Australian film and television actor (born 1975)

Diarmid Heidenreich (born 1975) is an Australian film and television actor. Heidenreich graduated from Waverley College in Sydney's east, in 1993 before going on to become a well-known actor.

==Television career==
Heidenreich began his television career in 1993, appearing in G. P. as a guest role. Over the next few years, he had guest roles in several drama series, including Echo Point (1995) and Big Sky (1997). Heidenreich was also the host of the children's game show Challenger until he left the show and Adrian de Vito & Zoe Sheridan co-hosted the show together.

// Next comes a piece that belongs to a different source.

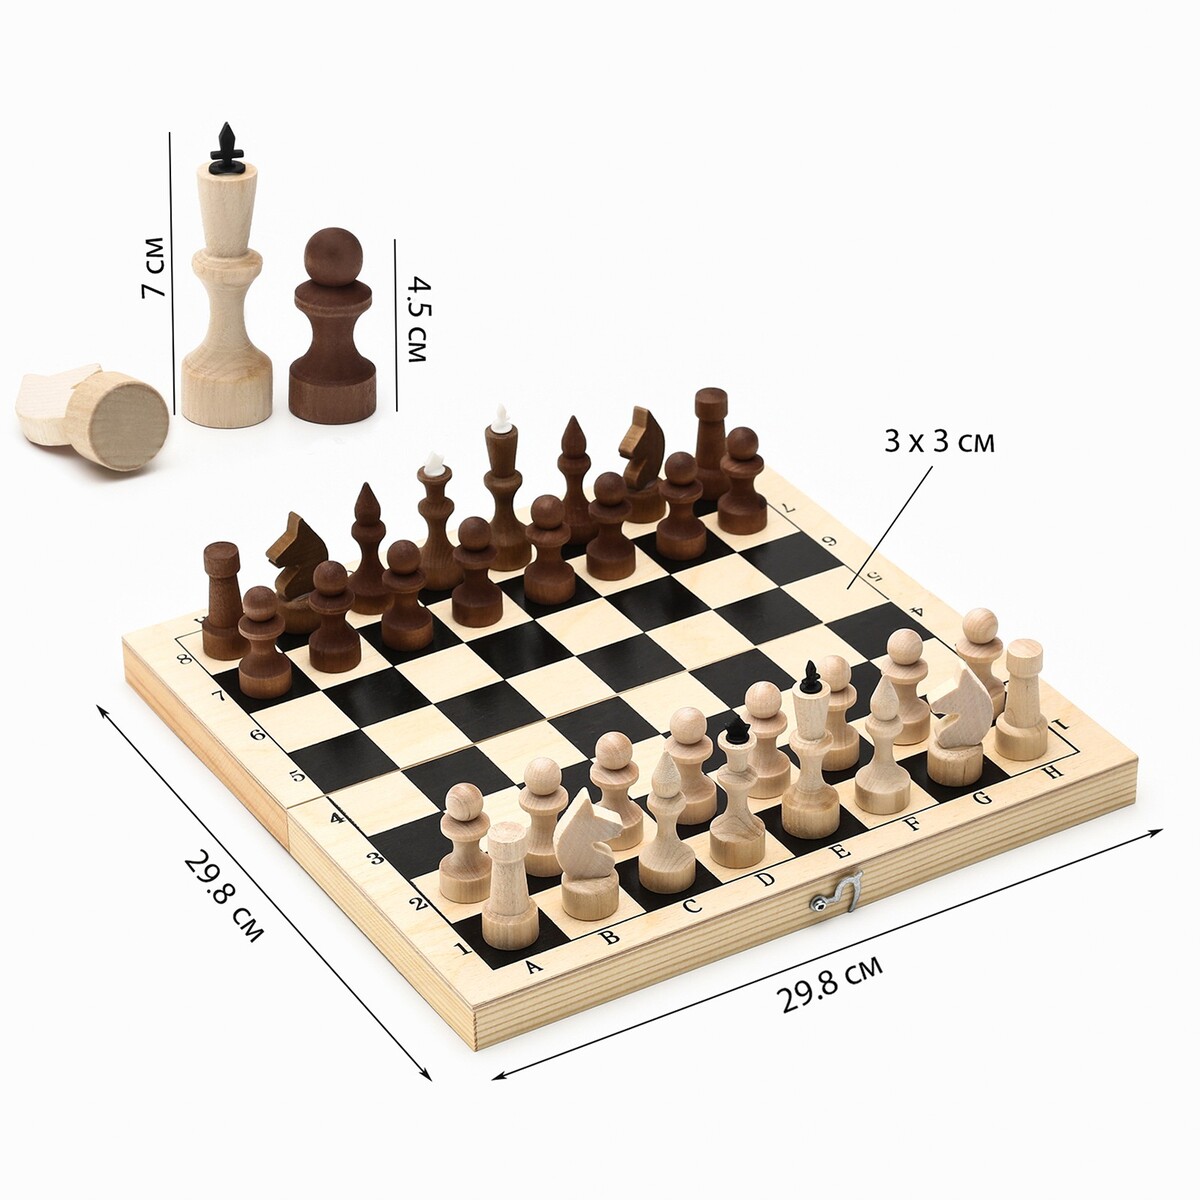 Шахматы деревянные обиходные 29.8 х 29.8 см, король h-7.2 см, пешка h-4.5 см шахматы деревянные 50 х 50 см

From 1993 to 1996 and again since 2019, Heidenreich starred in a series of television commercials for Pizza Hut, as 'Dougie the Pizza Delivery Guy', which he still is commonly known as. Heidenreich had a leading role in Water Rats in 2000 and 2001 as Senior Constable Matthew Quinn. In 2003, he had a 4 episode guest role in McLeod's Daughters. He also appeared in the Carlton Draught 'Slo Motion' ads.

In 2009, Heidenreich starred in The Cut, and had a guest role in Packed to the Rafters. In 2010 he starred in the TV crime drama Underbelly: The Golden Mile.

In 2015, he guest-starred in Home and Away, as inmate Trevor Gunson, nemesis of fellow prisoner Darryl Braxton.

==Personal life==
Heidenreich was arrested and served periodic detention for an incident involving a car crash and drug use, leaving his girlfriend in hospital in 1996.

He married journalist Genevieve Quigley in 2003. The couple has two children: daughter Ivory born in 2005, and son Jasper born in 2007.

Heidenreich joined Melbourne thrash stoner slow dance band Pizza Death in 2025 November as the rhythm guitarist and is occasionally a florist.

Heidenreich’s sister Siobhann is a member of the 1992 girl pop group Girlfriend.